The script writes to /scratch/shared/beegfs/yushi/logs/track4d-360/benchmark/clipfv_4models_288x512_2gpu/, with summary.md aggregated by python -m track4d_360.tools.aggregate_clip_benchmark.

Already-completed trajectories auto-skip on re-run (pred_rgb.mp4 existence check in each novel-traj script).

Single-dataset / ad-hoc invocations

If you just want to run one checkpoint against one dataset, the benchmark script dispatches to these three eval entrypoints (all under examples/wan2.1_fun/):

dataset script
mvs_synth, dl3dv, re10k eval_track4d360_hybrid_dense_static_scene_novel_traj.py
kubric eval_track4d360_hybrid_dense_kubric_novel_traj.py
syn4d eval_track4d360_hybrid_dense_syn4d_novel_traj.py

All three use track4d_360.shared_args as of 2026-04-23 β€” so they accept the full warped + plucker + dense + track flag set.

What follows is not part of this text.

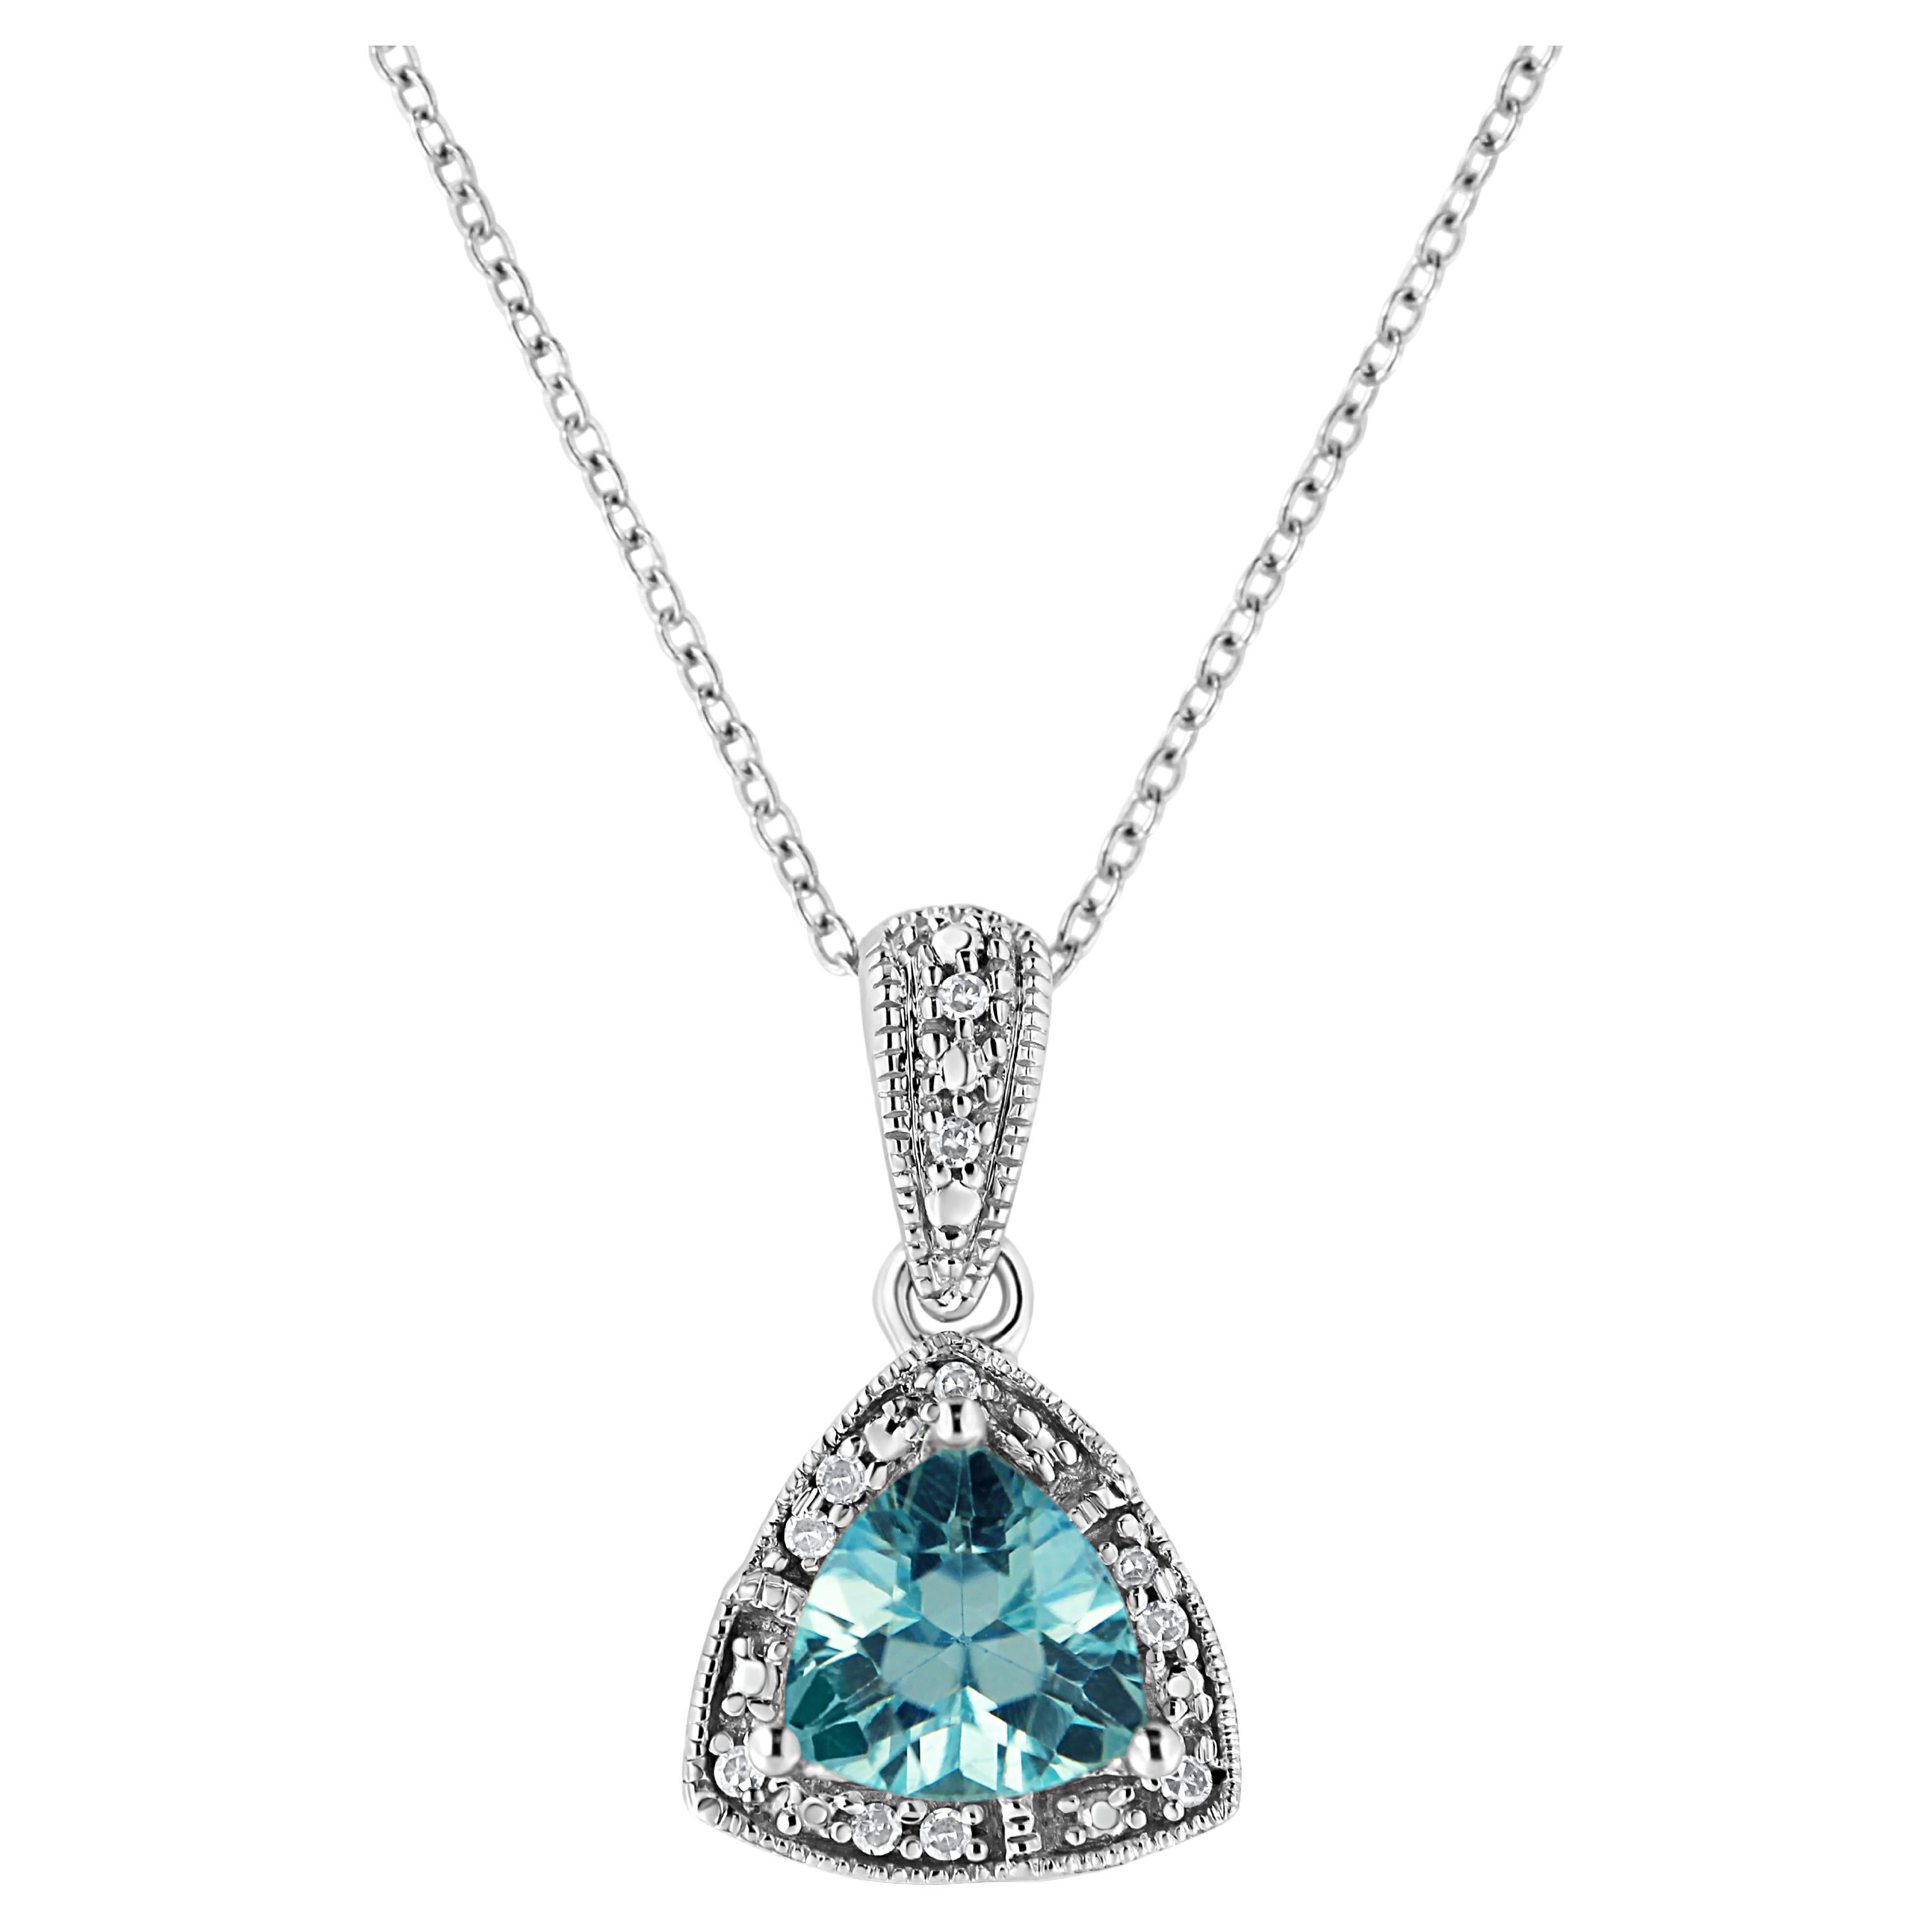 .925 Sterling Silver Blue Topaz Gemstone and Diamond Accent Pendant Necklace

Exact per-variant flags are the table below β€” do not forget them: build_eval_pipeline reads warped_condition_mode via getattr(..., "off"), so an omitted flag on a warped checkpoint silently runs the model in the wrong architecture.

Per-variant eval-flag recipe

Must match training β€” silent mismatches are the #1 source of wrong results. See doc/track4d-360/2026-04-23-clipfv-4models-288x512-benchmark.md Β§2 bug log.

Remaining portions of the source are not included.